Dr. Claudio Punzo awarded a Pilot Project Program grant from the Center for Clinical and Translational Science for his project on “Testing siRNA therapeutics for the treatment of Age-related macular degeneration (AMD)”. Age-related Macular Degeneration is one of the leading causes for visual impairment in the elderly. The disease is multi-factorial including genetic and non-genetic risk factors. However, despite the identification of over 30 risk alleles no animal model generated to date has faithfully recapitulated the complex disease progression of AMD. Thus, the etiology of AMD has remained enigmatic. In a seminal study published in PNAS in June 2020, Dr. Punzo showed that aberrant photoreceptors metabolism can cause late stages AMD pathologies in mouse.

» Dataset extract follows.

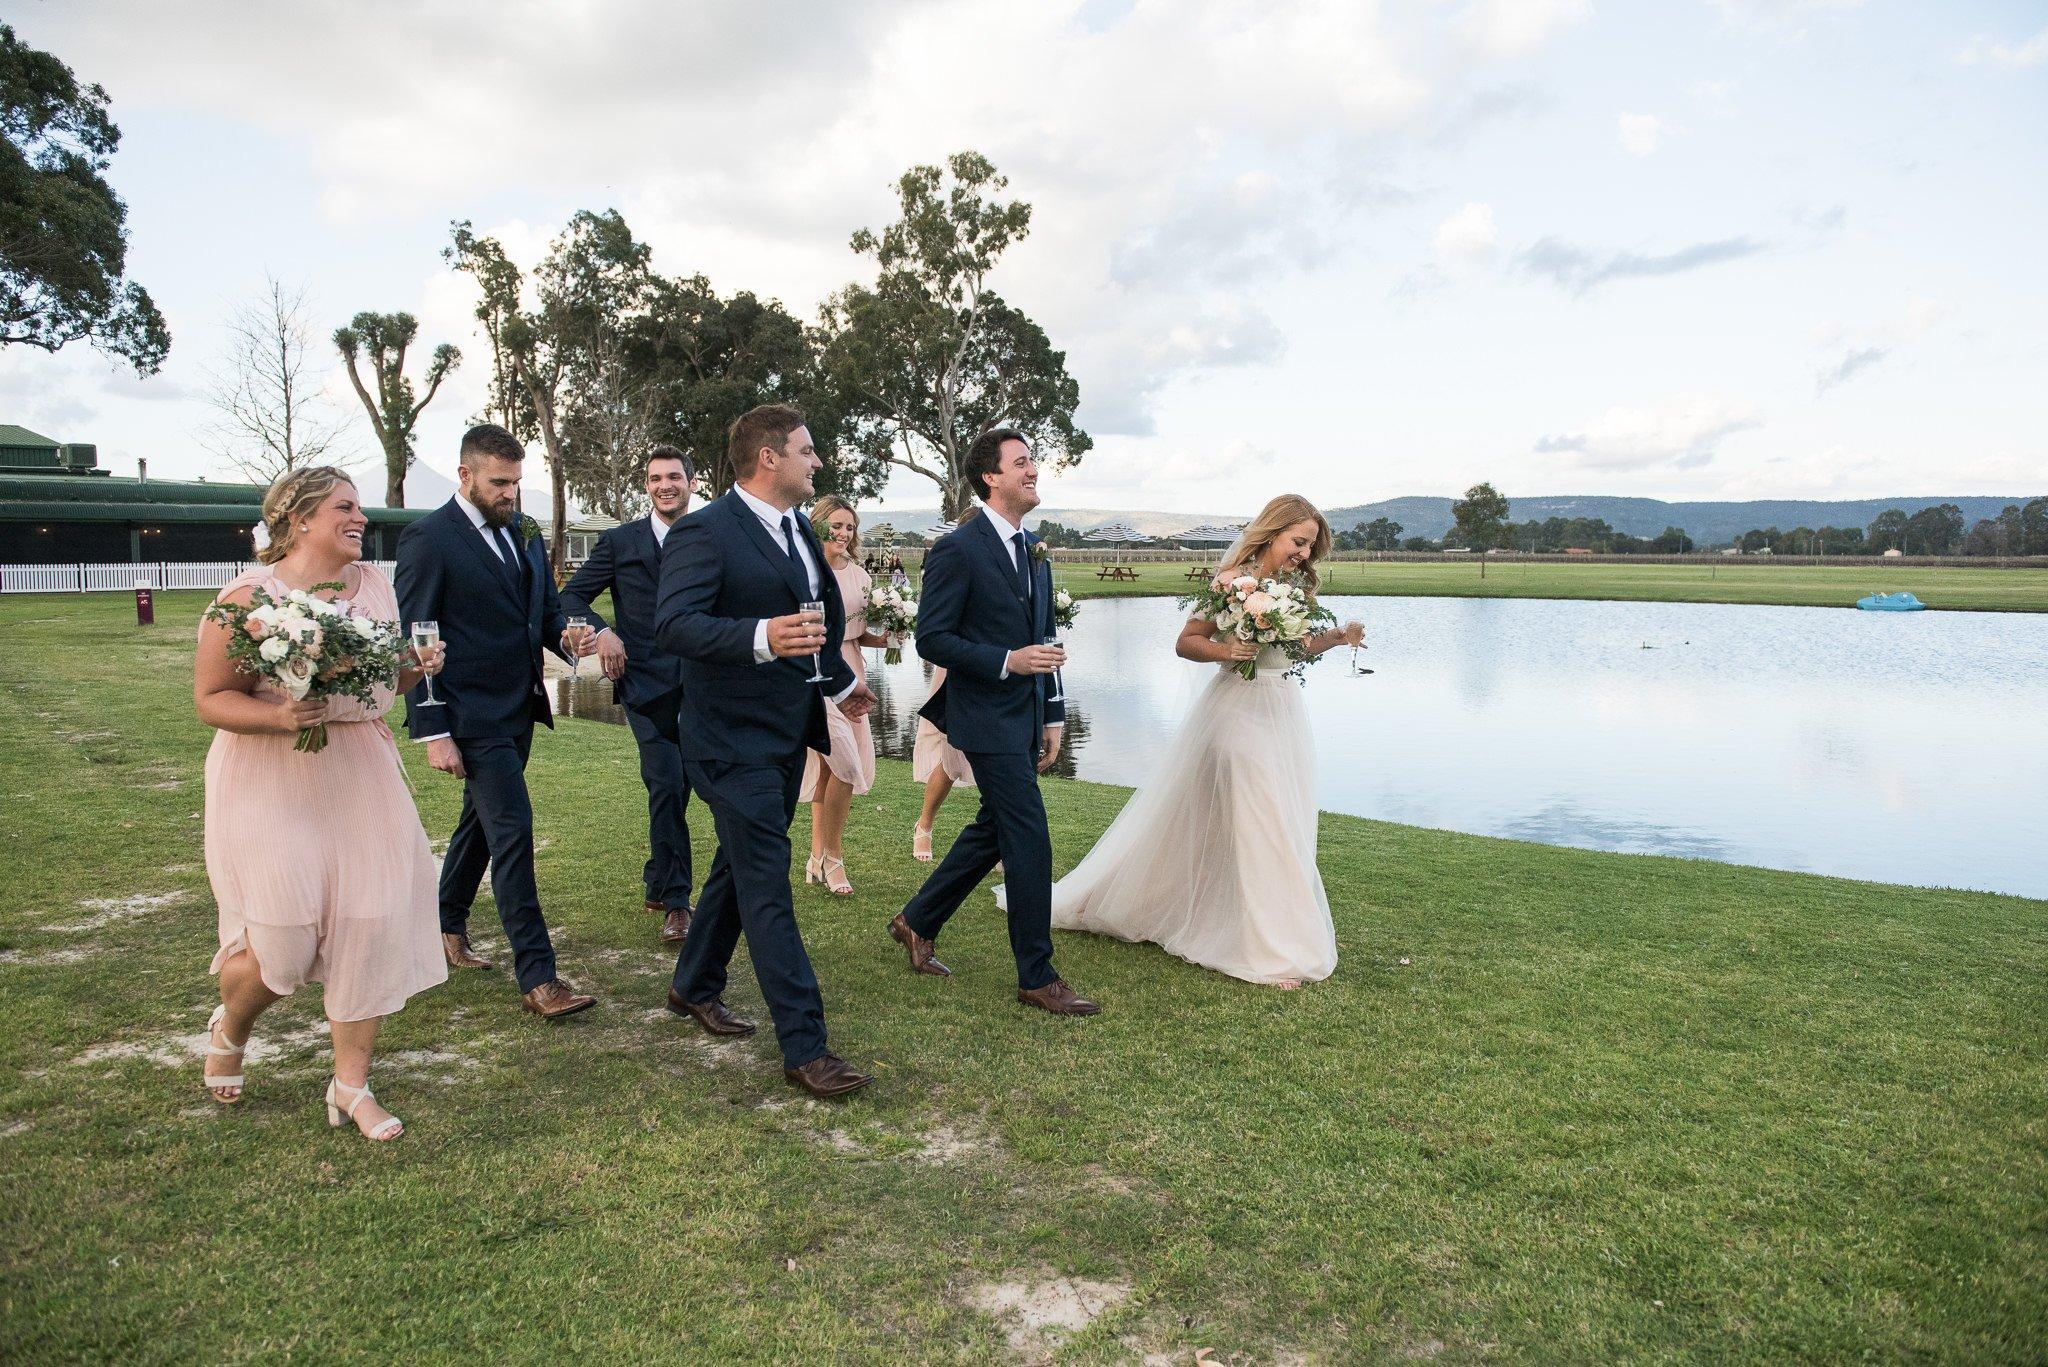 bridal party walking by a lake

Since his publication Dr. Punzo has identified a potential target gene that when reduced in activity can prevent disease progression in his AMD model. The goal of this grant is to test a siRNA mediated approach to knockdown the candidate gene in his mouse model in order to determine the feasibility of a therapeutic translation. If successful, this work will set the foundation for a new treatment that could prevent disease progression in AMD.

The proposed project is done in collaboration with Dr. Anastasia Khvorova from the RNA Therapeutics Institute at UMass Chan Medical School. The work leading to this data was founded by the BrightFocus foundation and the further exploration of additional targets if now also by an NIH grant to Dr. Punzo.

Cross section image
Figure 1: Cross section of mouse eye showing retinal cell layers and in red the distribution of the siRNA molecules after one intravitreal injection (blue: nuclear DAPI; Green: peanut agglutinin lectin marking cone photoreceptors).

Fundus of mouse eye
Figure 2: Fundus of mouse eye injected with fluorescently labeled siRNA 3 months post injection showing the stability of the siRNA approach. This should allow patients to receive 1-2 injections per year in order to prevent disease progression.